何故か、晃に嫉妬心の様なものが芽生える。
優衣にこんなにも想われていた晃が、羨ましかった。
優衣の涙がなかなか止まらないので、遠回りして帰る事に。
「律、道が違う」
「優衣、泣きすぎ。ちょっと風に当たって目の周り冷やしてから帰ろうよ。その顔家族に見られて心配されるの、面倒じゃね?」
本当は、もう少し優衣とこうしてたかっただけなのだけれど、それらしい理由をつけてわりと遠めの道を選択。
慰める事も出来ないくせに、もっと優衣と一緒にいたかったから。
「ありがとね、律。

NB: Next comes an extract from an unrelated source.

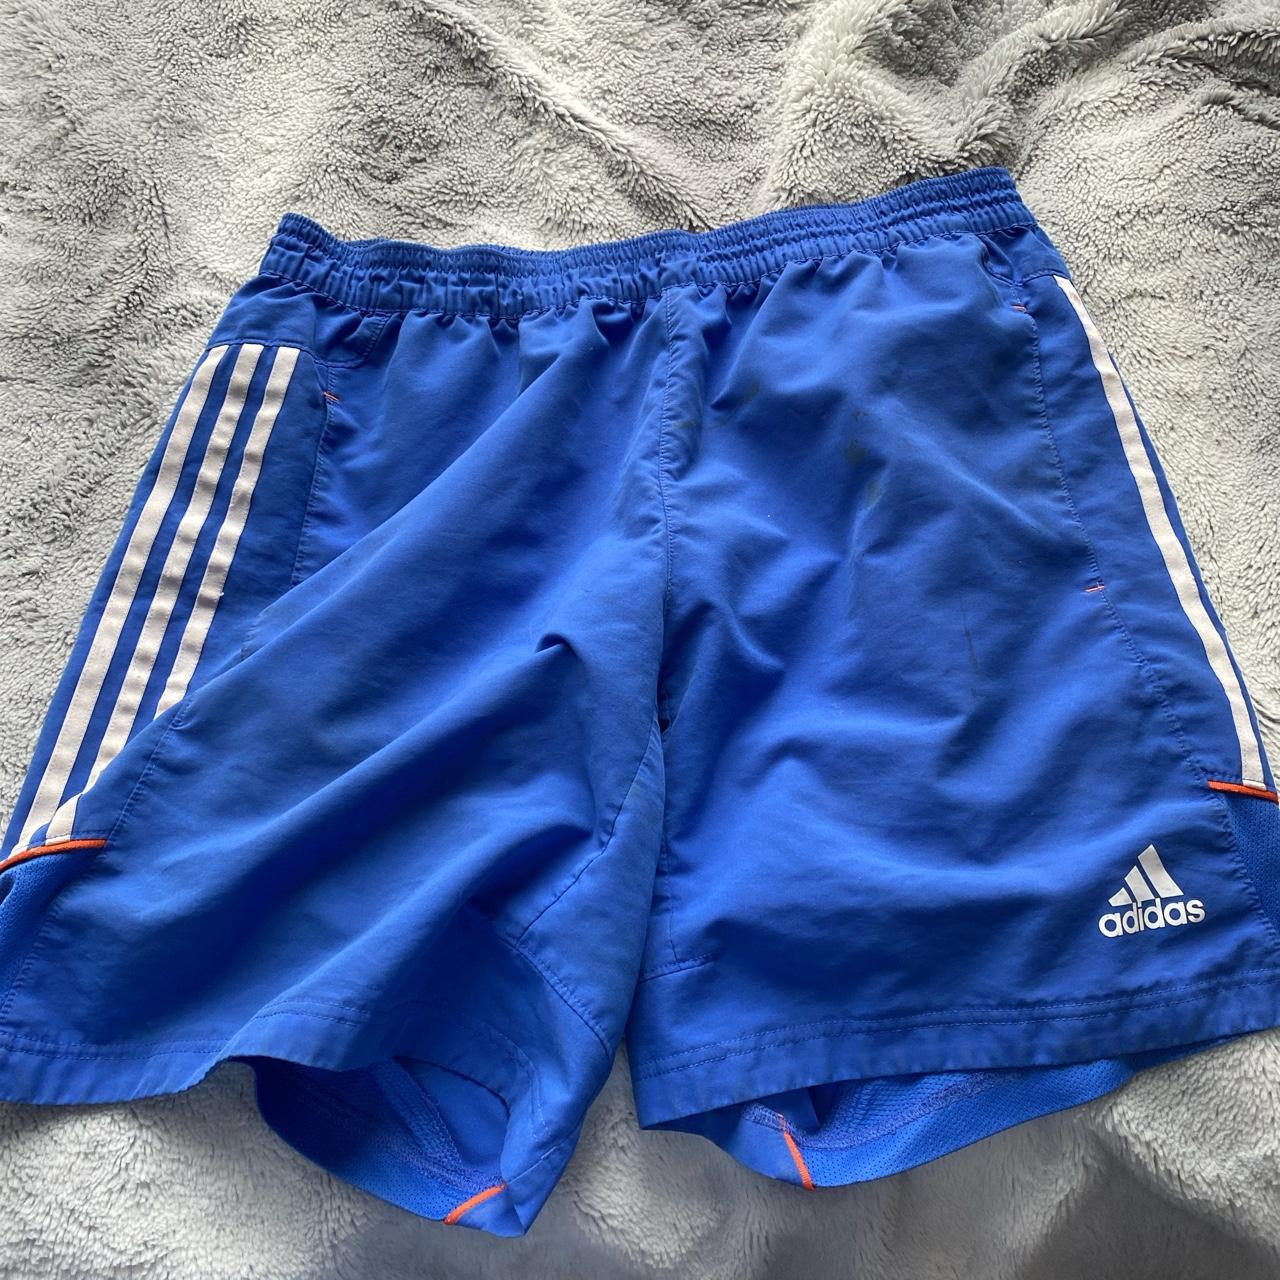 Adidas Women's Blue and White Shorts | Depop

いい加減泣くの辞めるわ。…よし!! 歌う!!」
優衣は悲しみを振り切るかの様に、謎に中学の校歌を元気いっぱいに大声で歌い出した。
…歌のチョイス。そして、
「…音痴。」
涙を堪えて歌う優衣の声は、不安定にかすれていた。
最初のコメントを投稿しよう!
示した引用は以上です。